Real Name: Joseph Jackson
Born: July 1st, 1959
Place of Birth: Kingston, Jamaica
Official website: unknown
Ranking Joe cut his musical teeth toasting on a sound system known as Smith The Weapon. Working his way up through the ranks he became resident DJ on the El Paso sound, performing as Little Joe. His name was inspired by DJ Big Joe, who had enjoyed a hit with "Selassie Skank", and not, as many believed, by the character from Western television series Bonanza. As with so many of his Jamaican counterparts he began recording with Coxsone Dodd at Studio One. His first session resulted in "Gun Court", which saw him toasting over the Heptones' "Love Me Girl", but this did not make an impression on the charts. He subsequently studied electronics before pursuing his recording career. Encouraged by his father, he enjoyed a major breakthrough when he returned to the studio to record the highly infectious "750". The hit resulted in many recordings for a number of producers, notably "Don't Give Up", "Psalm 54", "Natty Don't Make War", "Tradition", and a tribute to the bionic man, "Steve Austin". He also returned to the sound system circuit as resident DJ for U-Roy's King Sturgav, alongside Jah Screw, before it was destroyed in the violent election campaign of 1980.
Later in the same year, the Jamaican sound system Ray Symbolic Hi Fi toured the UK, giving British audiences their first taste of a real "yard" sound.

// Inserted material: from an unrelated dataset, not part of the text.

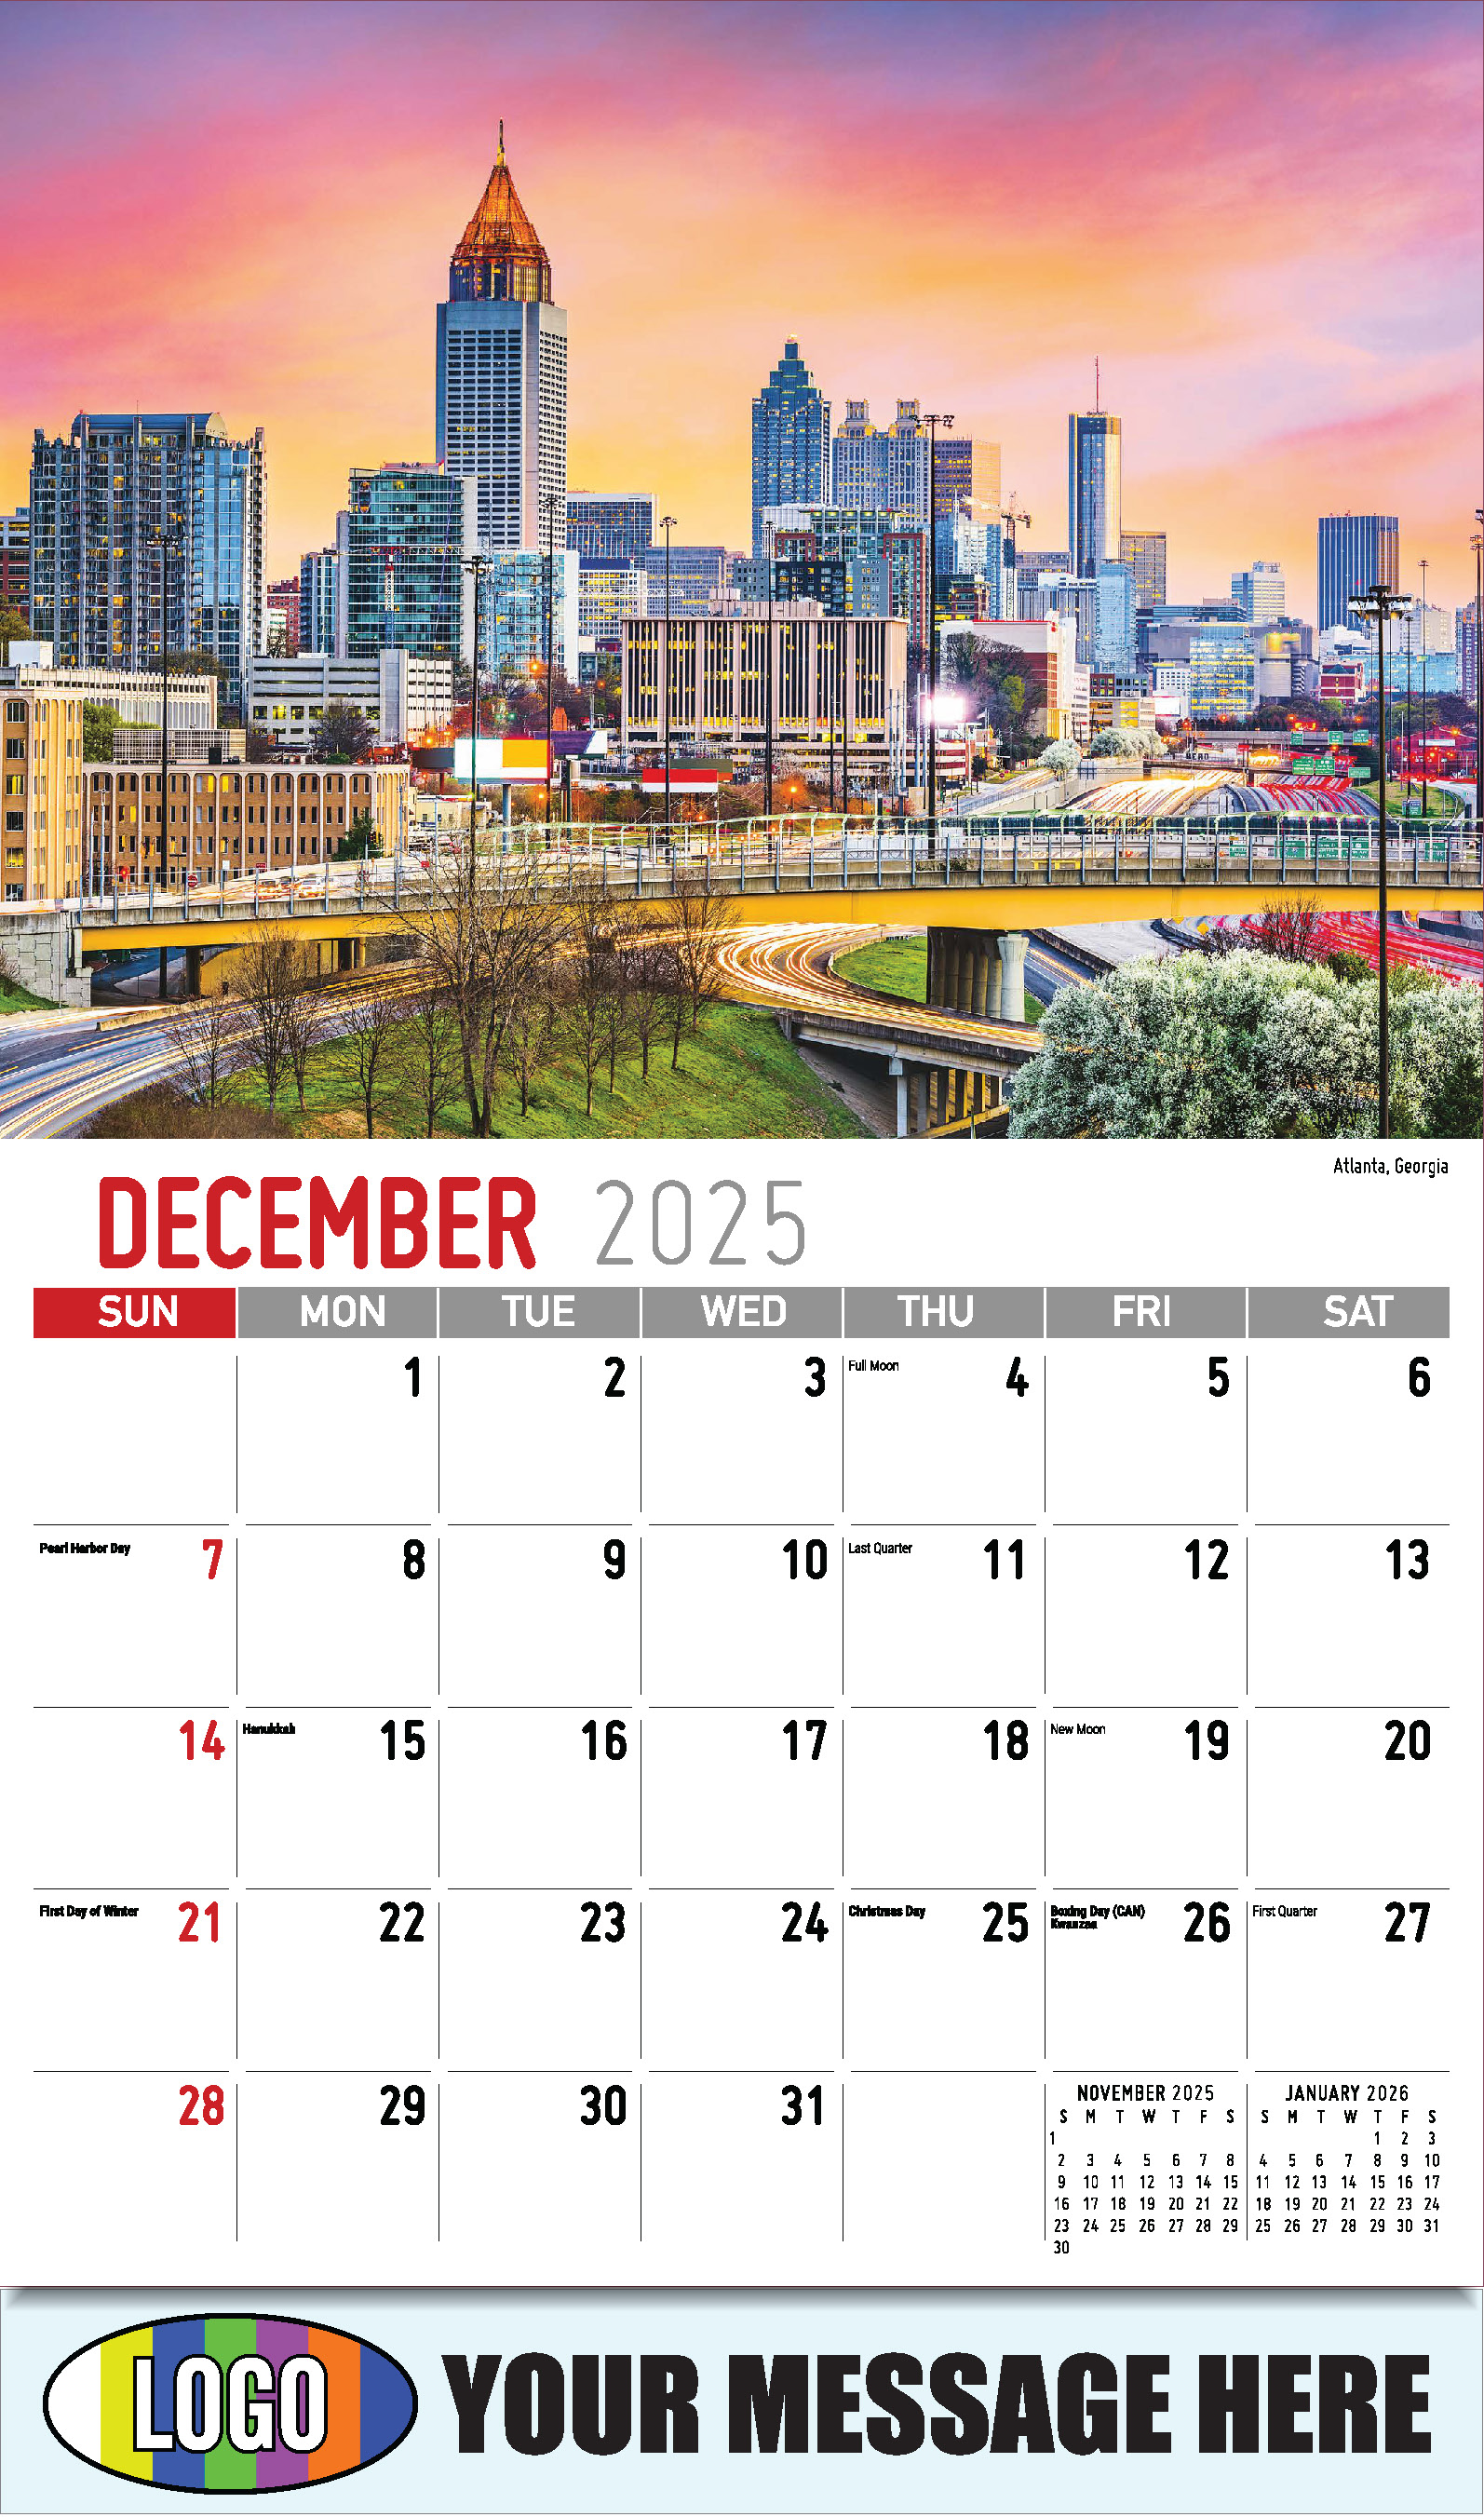 Scenes of Southeast USA 2025 Business Promo Wall Calendar - December

As he had become the resident DJ with the system, Ranking Joe featured on the tour and a new wave of enthusiasm for his recordings followed. By 1982 he had become an international figure with the release of Weakheart Fadeaway and Saturday Night Jamdown Style. Tracks included the popular "Natty The Collie Smoker", "Nine Month Belly" and "Step It Down A Shepherds Bush". The popularity of the lewd slackness style of "Lift Up Your Frock", "Rub Sister Rub It" and "Sex Maniac" ensured an enthusiastic response to his output. Dub It In A Dance included "Clarks Booty Style", "Slackness Style" and the title track, but was not as successful. In 1982/3 he enjoyed renewed success with Disco Skate and the reissued Armageddon. Shortly after Ray Symbolic's system returned to Jamaica the promoter's life was bought to a sudden end in the streets of Kingston. The tragedy cut short Ranking Joe's career, but many of his albums are still available and remain cherished by discerning reggae fans.